Cross-modal Transformer: for fast and robust 3D object detection

Currently, self-driving vehicles have been equipped with a variety of information collection sensors, such as lidar, millimeter-wave radar and camera sensors. From the current point of view, a variety of sensors have shown great development prospects in the perception tasks of autonomous driving.
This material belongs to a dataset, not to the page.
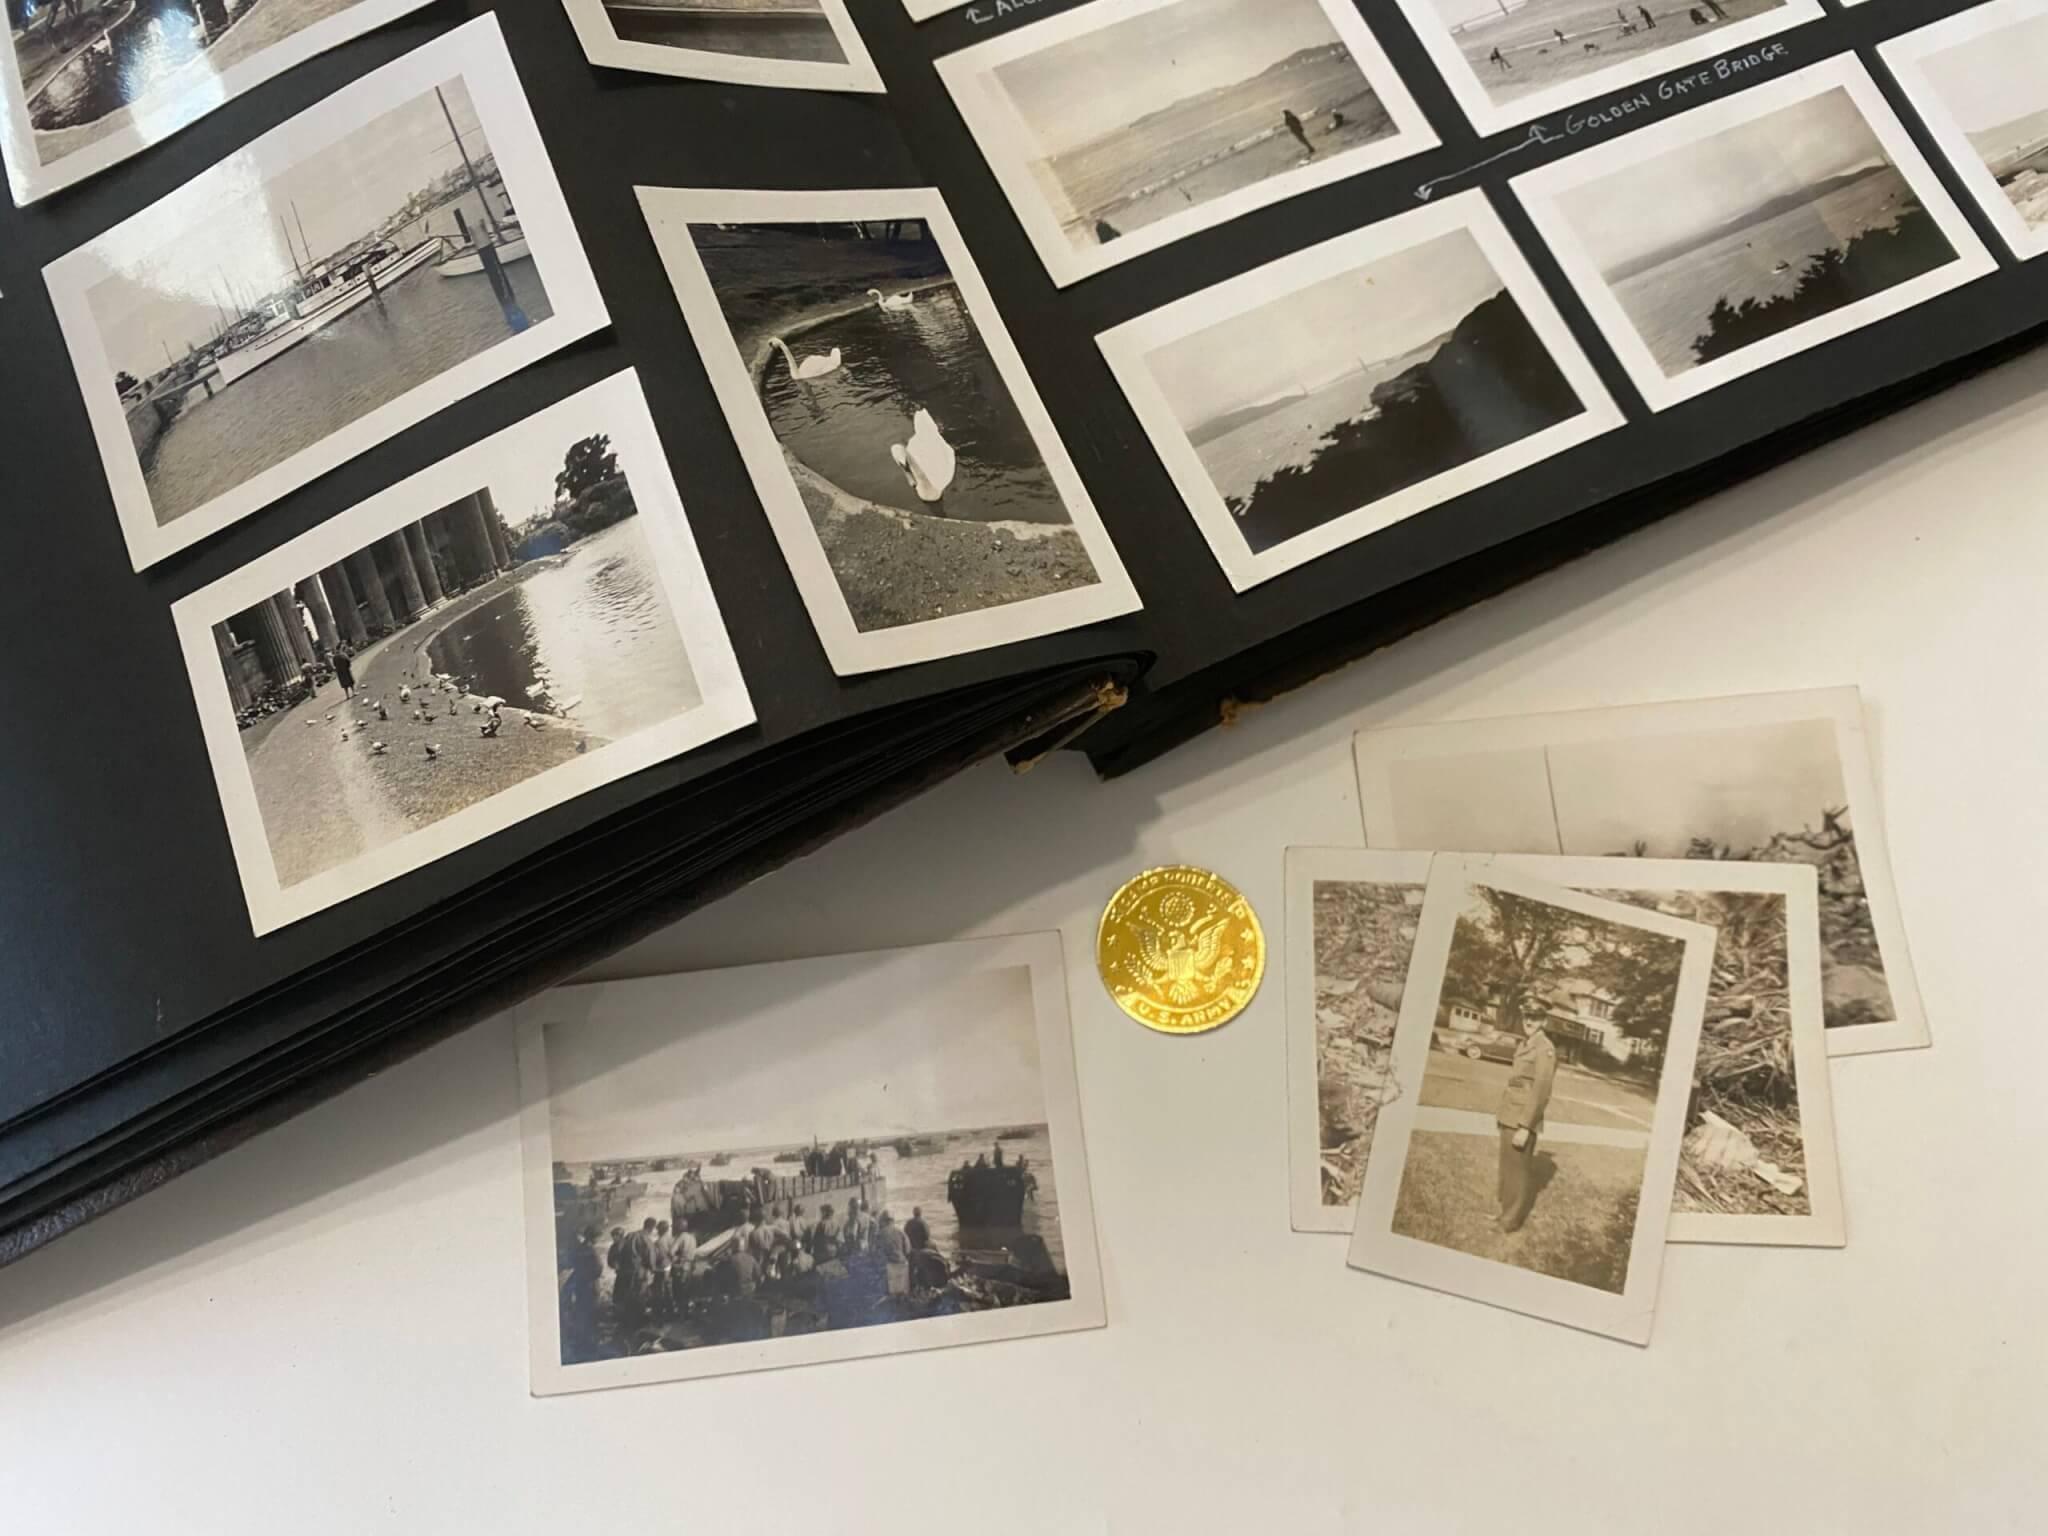 Heirlooms, Books, scrap books, photographs, drawings conservation, restoration, repair, preservation

For example, the 2D image information collected by the camera captures rich semantic features, and the point cloud data collected by lidar can provide the accurate position information and geometric information of the object for the perception model. By making full use of the information obtained by different sensors, the occurrence of uncertainty factors in the autonomous driving perception process can be reduced, while the detection robustness of the perception model can be improved.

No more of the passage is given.